LinkedIn is a smart place to start when looking for clients. First things first, you need to create a LinkedIn profile if you don't already have one. Within your profile headline, be sure to write that you are a freelancer and currently looking for new opportunities. For instance, your headline may read 'Freelance designer currently seeking new projects'. Populate your profile with your work and education history. You should also include a link to your portfolio or previous work for potential clients to browse.
It goes without saying that you shouldn't rely entirely on the internet to get clients. Face-to-face networking should also play a role in finding work, so you can attend networking sessions in your area. Whilst this approach is unlikely to bag you clients immediately, it will help to get your name out there.
Similarly, you should speak to your professional network and ask for project recommendations.
Prioritise your work-life balance
When you get rolling and start landing your first projects, it will feel like a real rush! However, you should beware the dreaded self-employed burnout. In 2019, a government report revealed that more than 600,000 British workers were suffering from work-related stress, depression or anxiety. It's hard to overstate the impact a hectic job can have on a person's life. What's more, when you work for yourself, you may find it hard to switch off at the end of the working day. Since you are responsible for every aspect of your business, it's hard to detach yourself from your working life.

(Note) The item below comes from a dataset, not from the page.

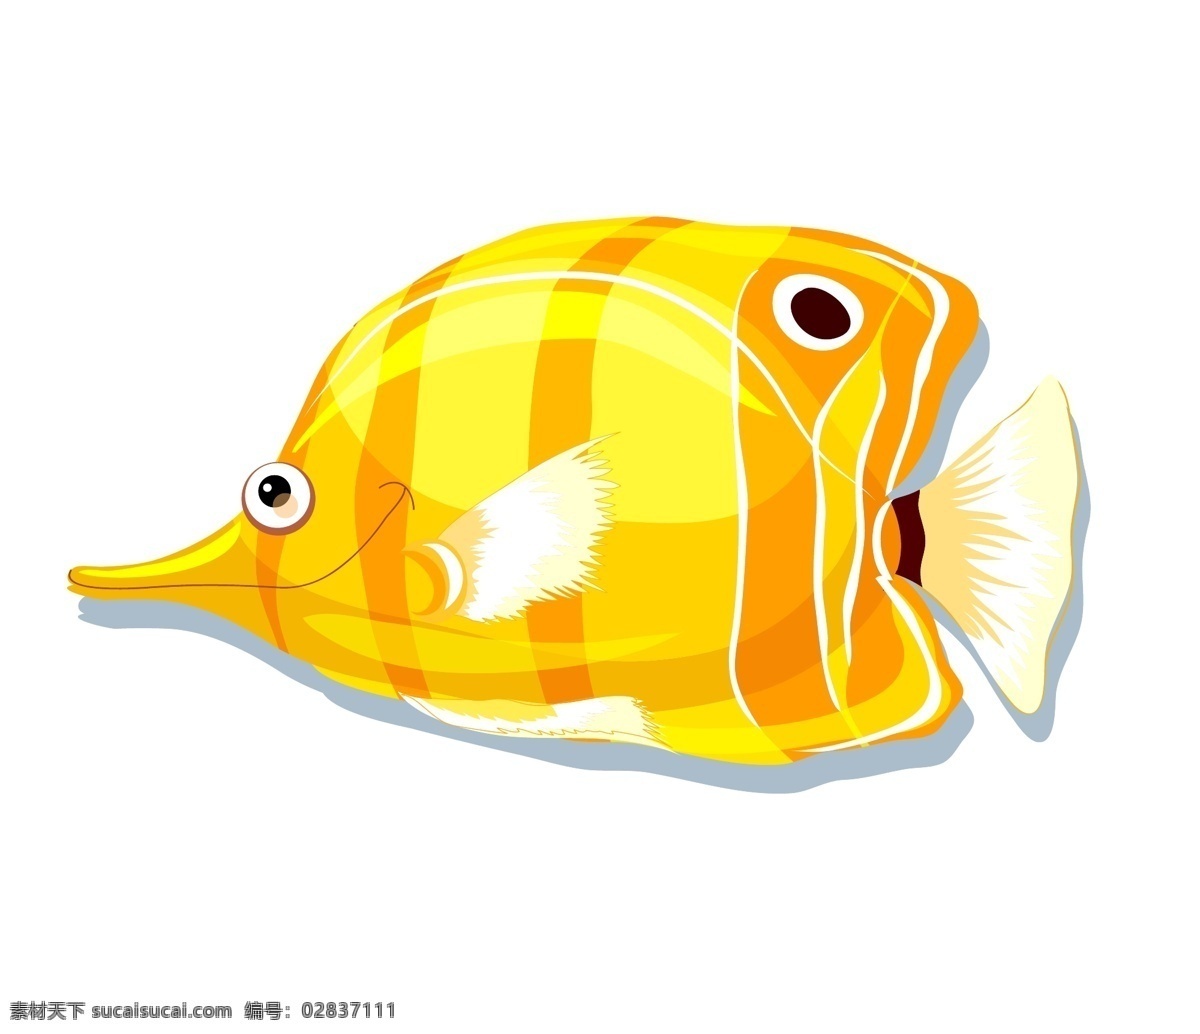 矢量金鱼 矢量观赏鱼 鱼缸鱼 养鱼 金黄的鱼 漂亮鱼插画 卡通金鱼 手绘金鱼 鱼侧面 矢量彩色金鱼 动物 生物世界 鱼类

Despite this fact, creating a healthy work-life balance is a must. You need to prioritise your health and well-being. Luckily, there are a few things you can do that will help you along the way:
Set regular working hours
You may not like to work nine-to-five, but the good news is that now that you're the boss, you get to set your own working hours. Whilst you don't have to go with the traditional hours, you should pick times that work for you and stick to them. Dedicating a confined slot of time to work each day will help you manage your time.
Consider getting an office
If you struggle to switch off when the working day is done, you may want to consider getting an office space. Having somewhere specific to go means that you have separation between your work life and your home life. Of course, amid COVID-19, heading to an office may not be ideal. In that case, you can set up a home office in a spare room or even a corner of your home.
Avoid looking at emails after work
Delete the email app on your smartphone. Really! If you're guilty of looking at your emails after your set work hours, you need to change your ways. This habit can have a negative impact on your well-being, according to research from Lehigh University. Maintaining a work-life balance means not being on call to your clients 24/7. Getting back to them within a day is perfectly acceptable.
Start some new hobbies
All work and no play makes for a burnt-out freelancer. When the working day is over, you need to relax by doing something fun that will take your mind off work. In addition to a new career path, now could be the perfect time to start a new hobby. Ideally, you want to pick something that doesn't involve a computer screen. You could try activities like walking, cycling, dancing or even some kind of craft. Find out what suits you!
Transitioning to freelance work
If you're considering going self-employed, there's a whole lot to think about. However, there are countless benefits to this move. You will have autonomy over your time and the freedom to work from anywhere you please. Why not start researching freelance gigs in your area now and see what you can find? Choosing to go it alone is a huge step, but it might just be the best one you ever make.